→ **DATA BELOW**:
§

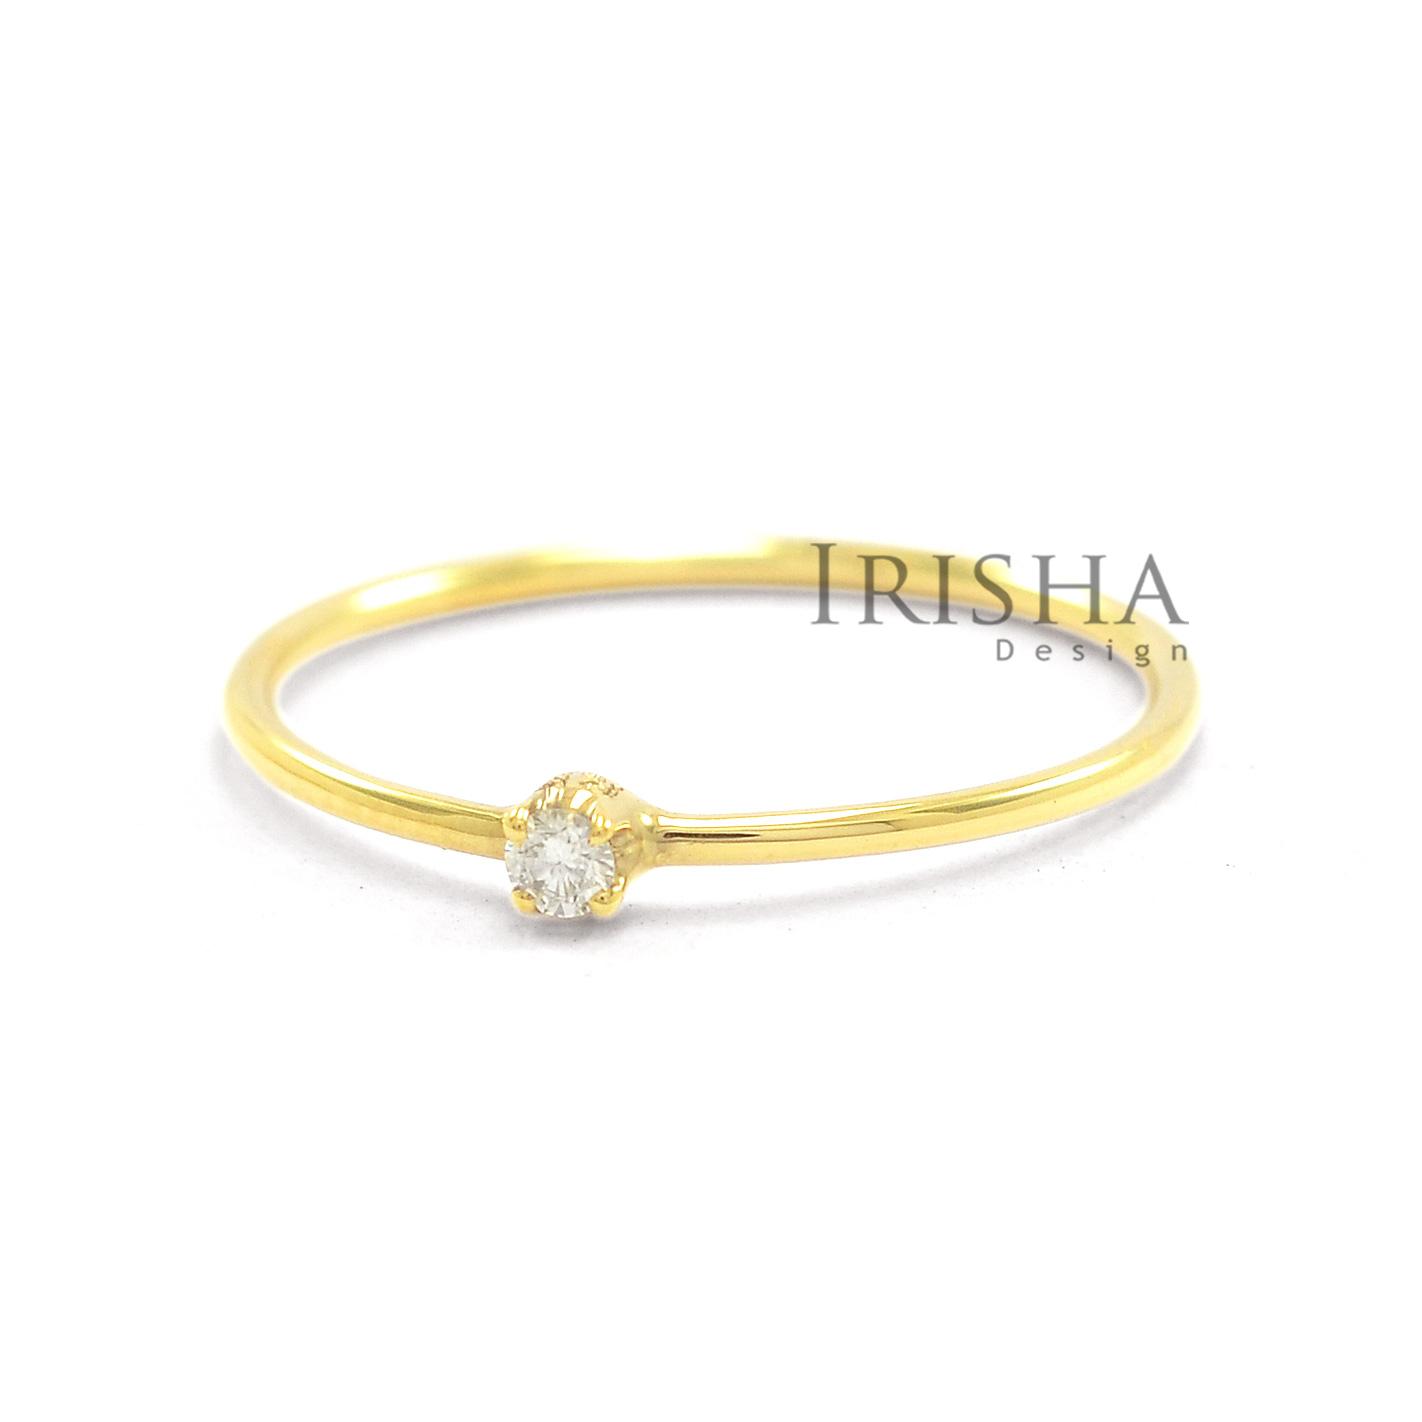 14K Gold 0.06 Ct. Solitaire Genuine Round Diamond Engagement Ring Fine Jewelry
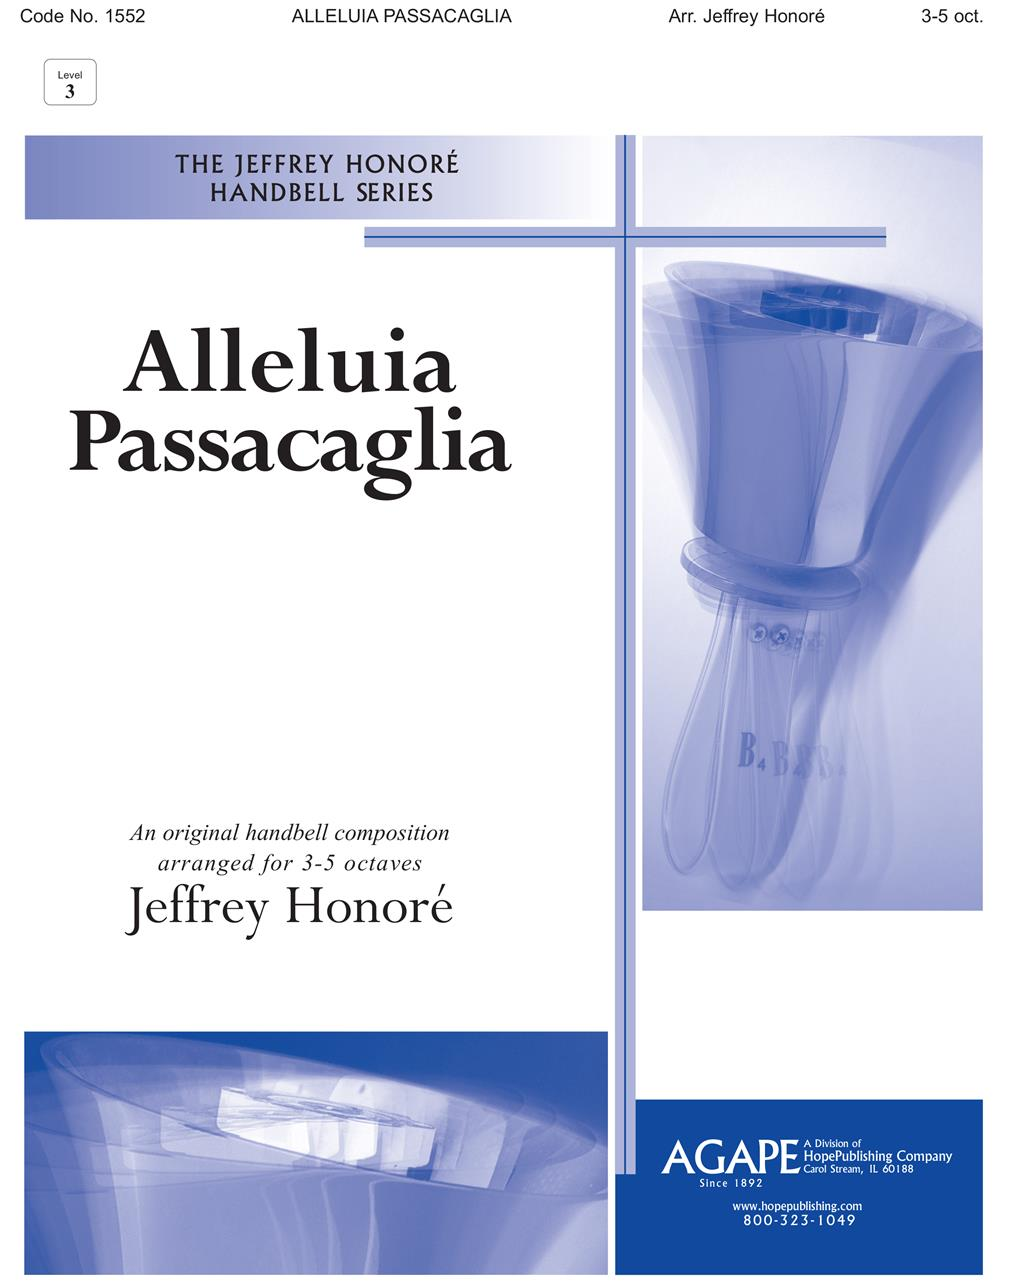 Alleluia Passacaglia - 3-5 Oct. Cover Image
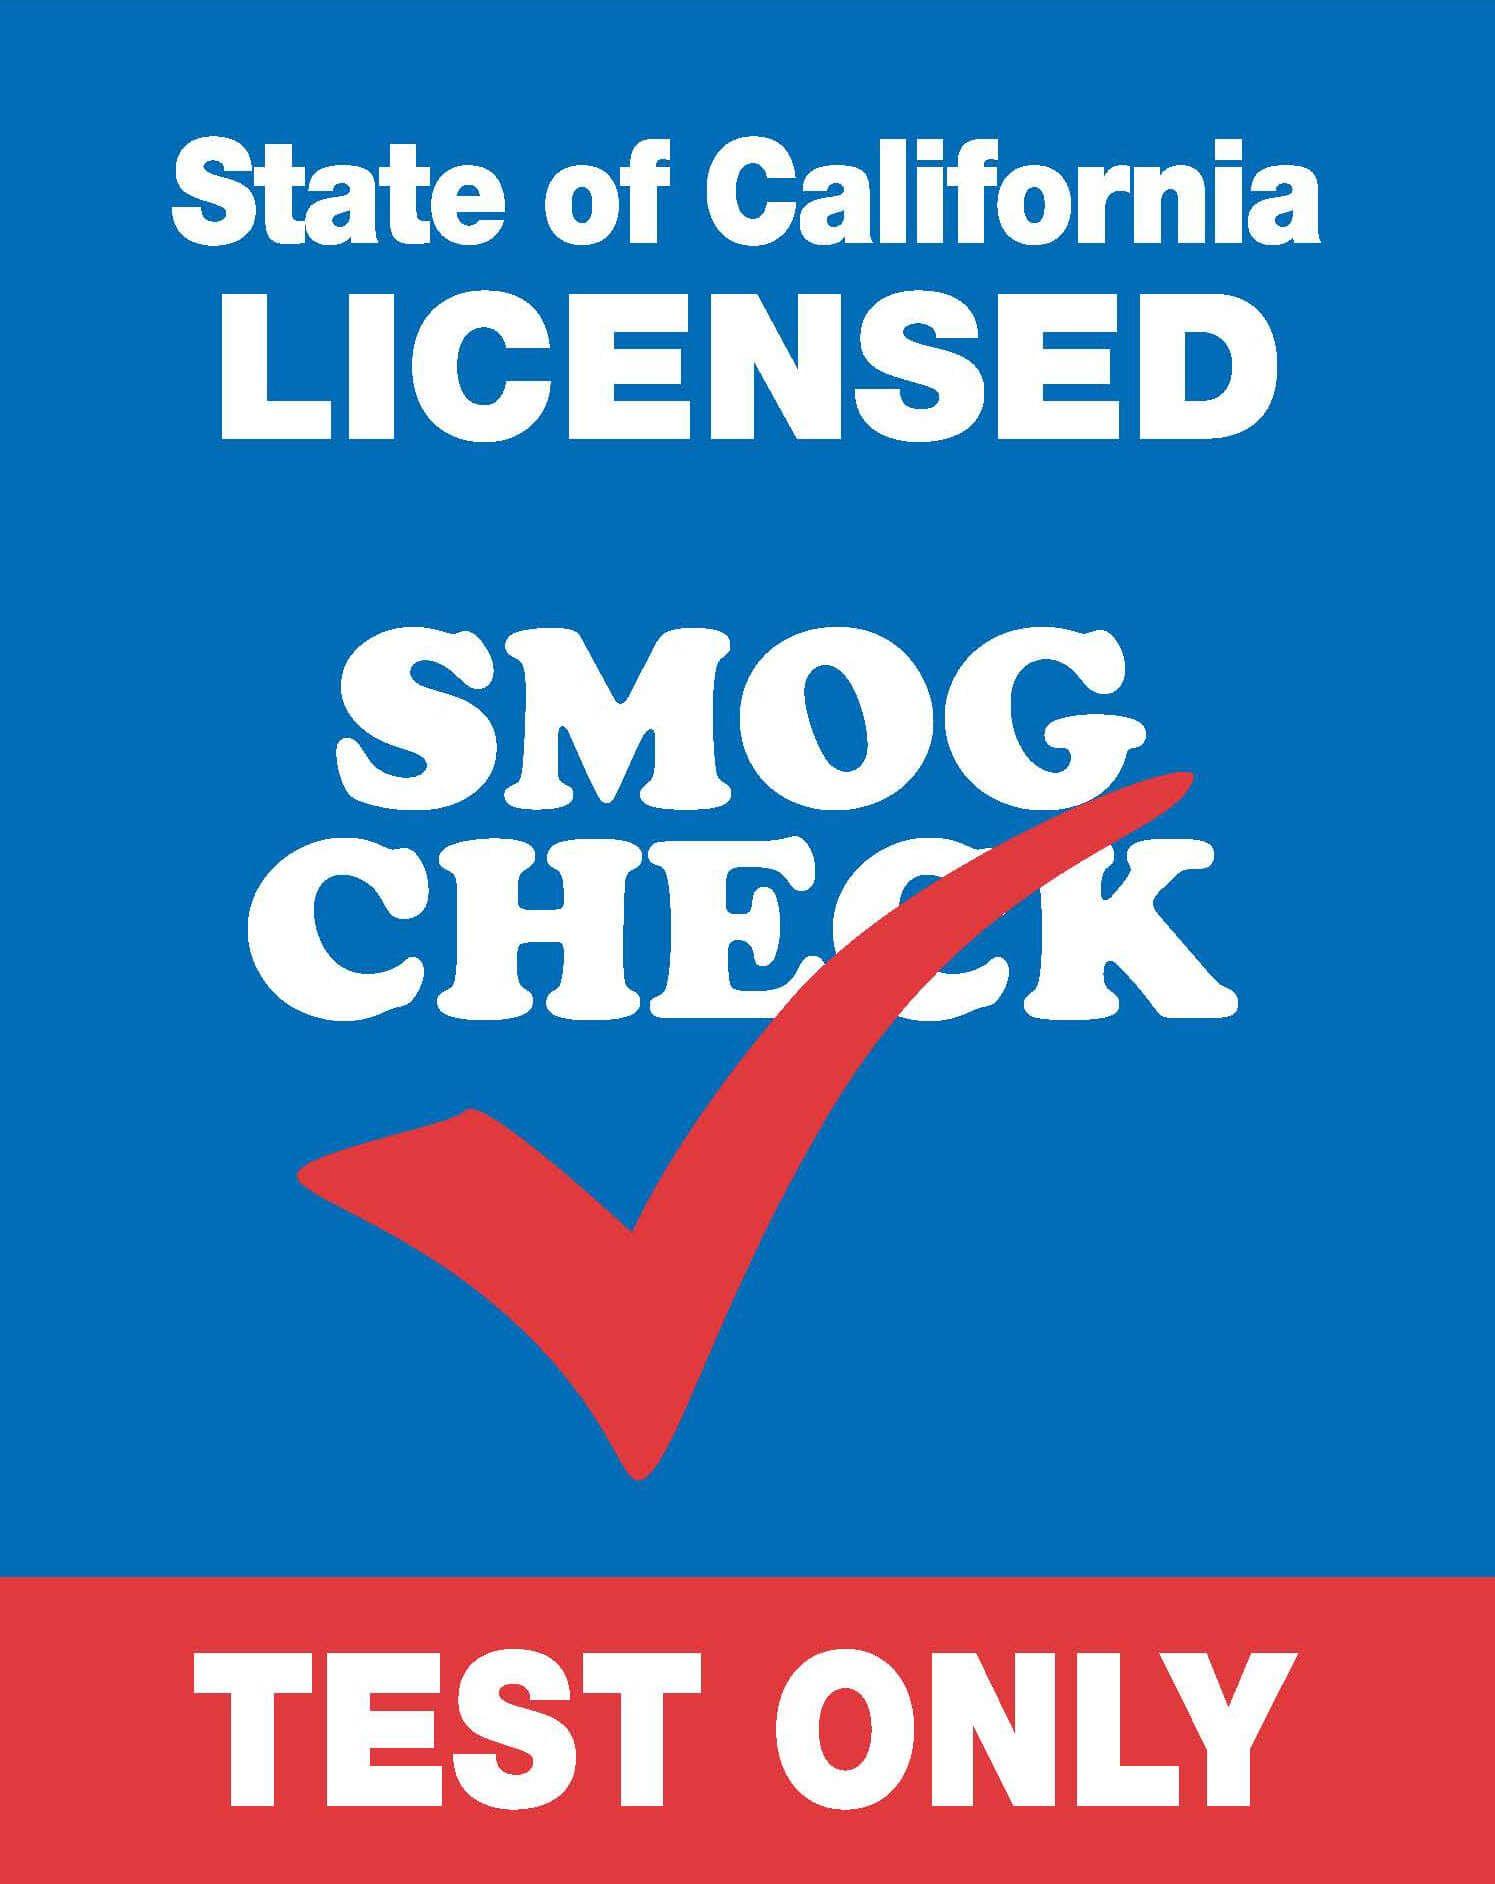 Smog Check License off Douglas...also 20 off coupon, but
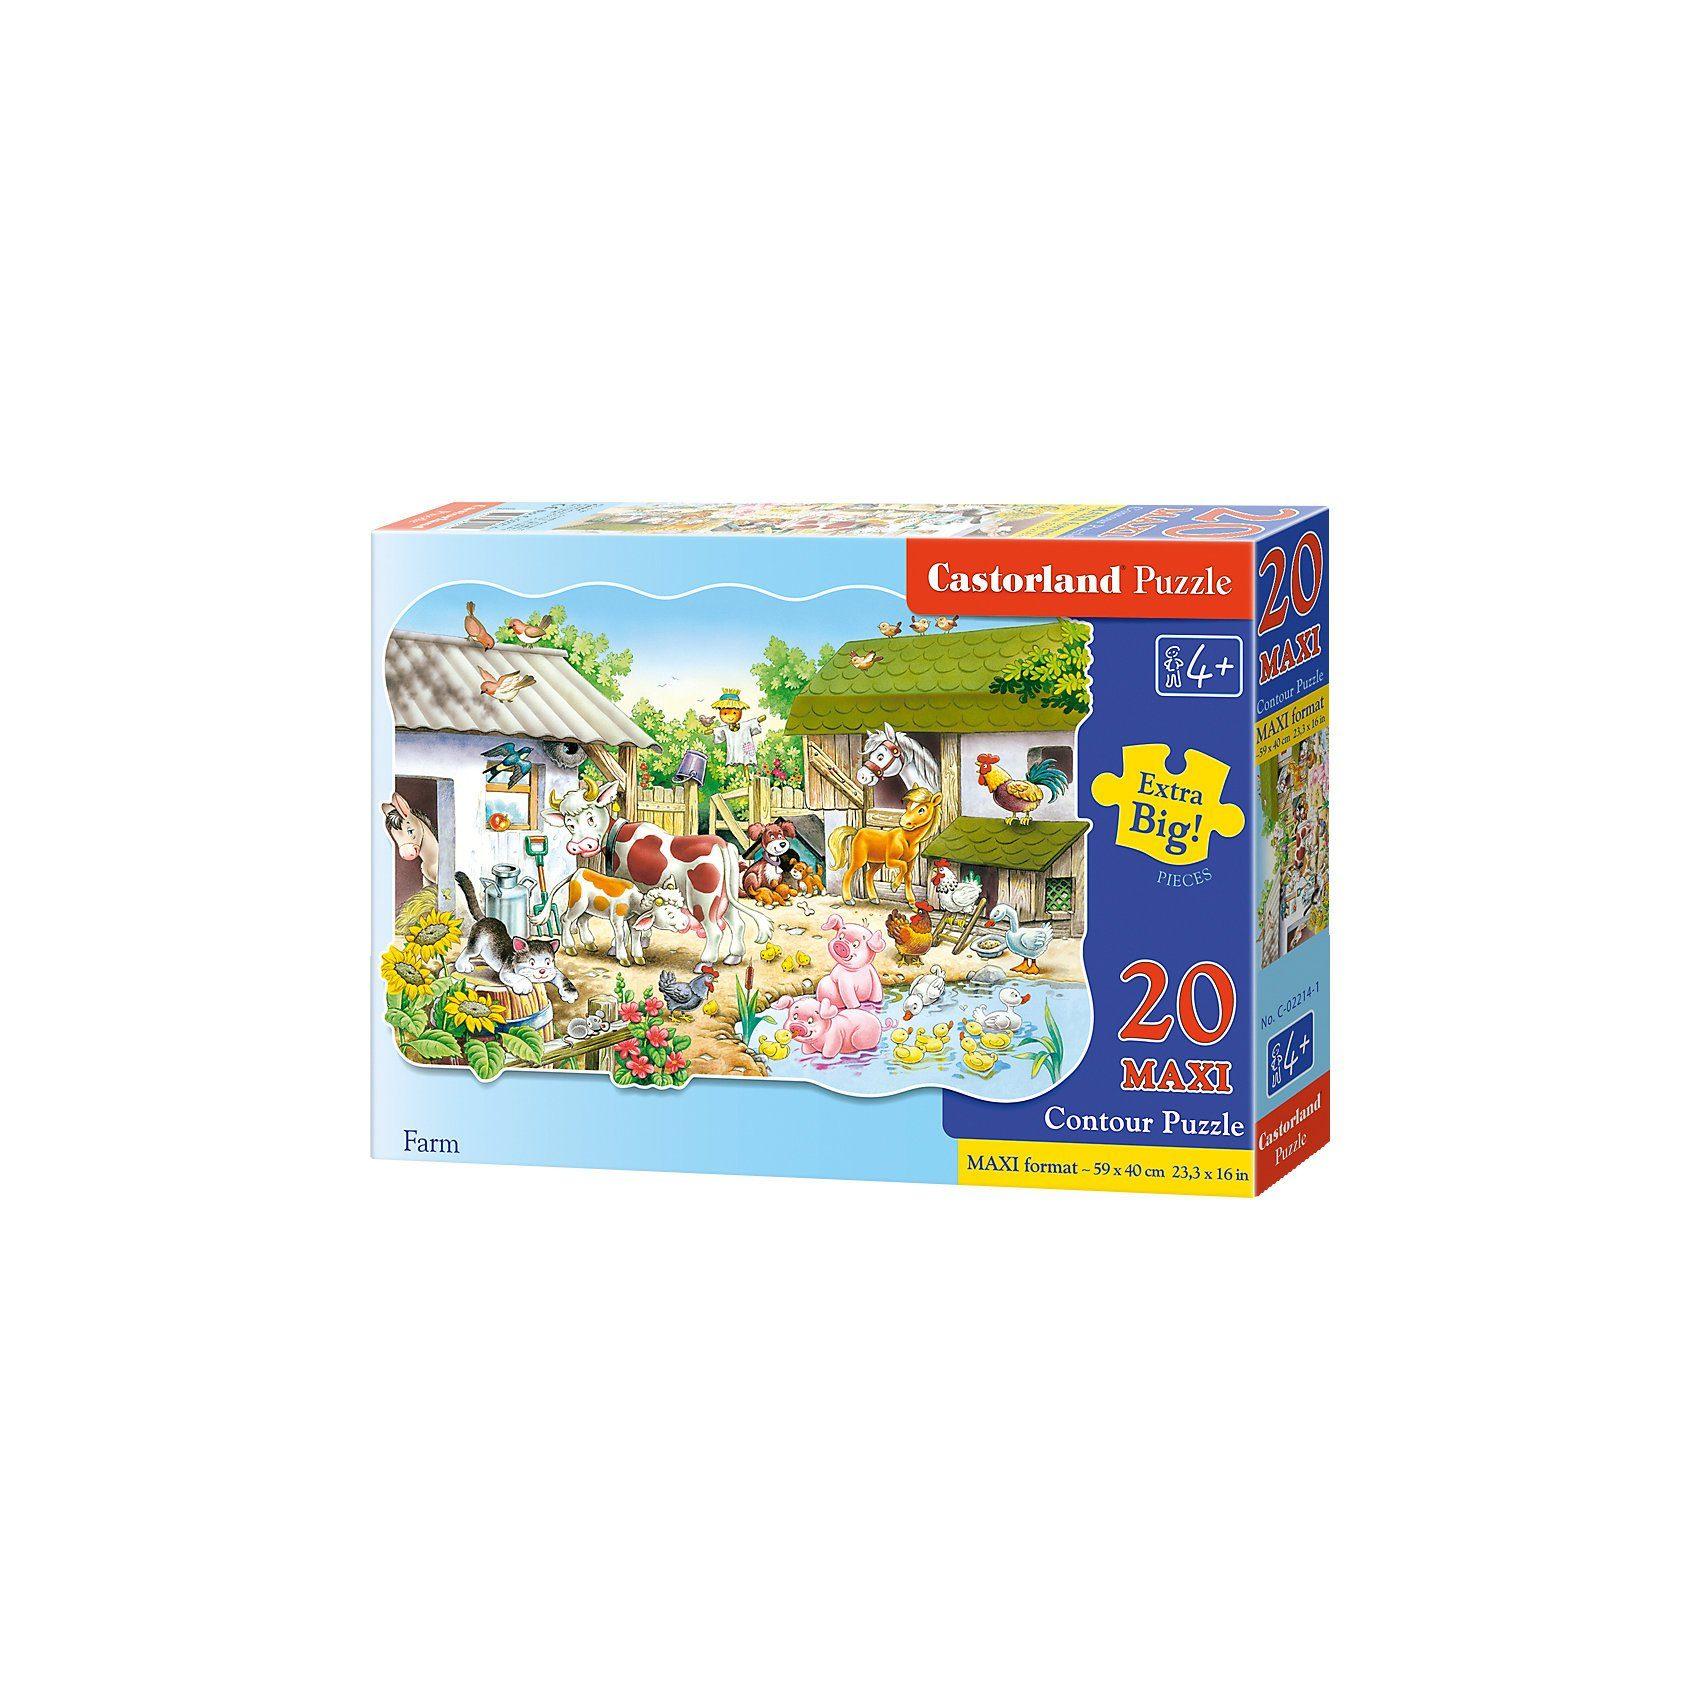 Castorland Bodenpuzzle 20 Teile Maxi - Bauernhof

§

→ **WHAT THE TASK ASKS**: A faithful transcription of the material, with no pictures, is the expected result.

→ **ANSWER FOR THE TASK**:
 14K Gold 0.06 Ct. Solitaire Genuine Round Diamond Engagement Ring Fine Jewelry
 Alleluia Passacaglia - 3-5 Oct. Cover Image
 Smog Check License off Douglas...also 20 off coupon, but
 Castorland Bodenpuzzle 20 Teile Maxi - Bauernhof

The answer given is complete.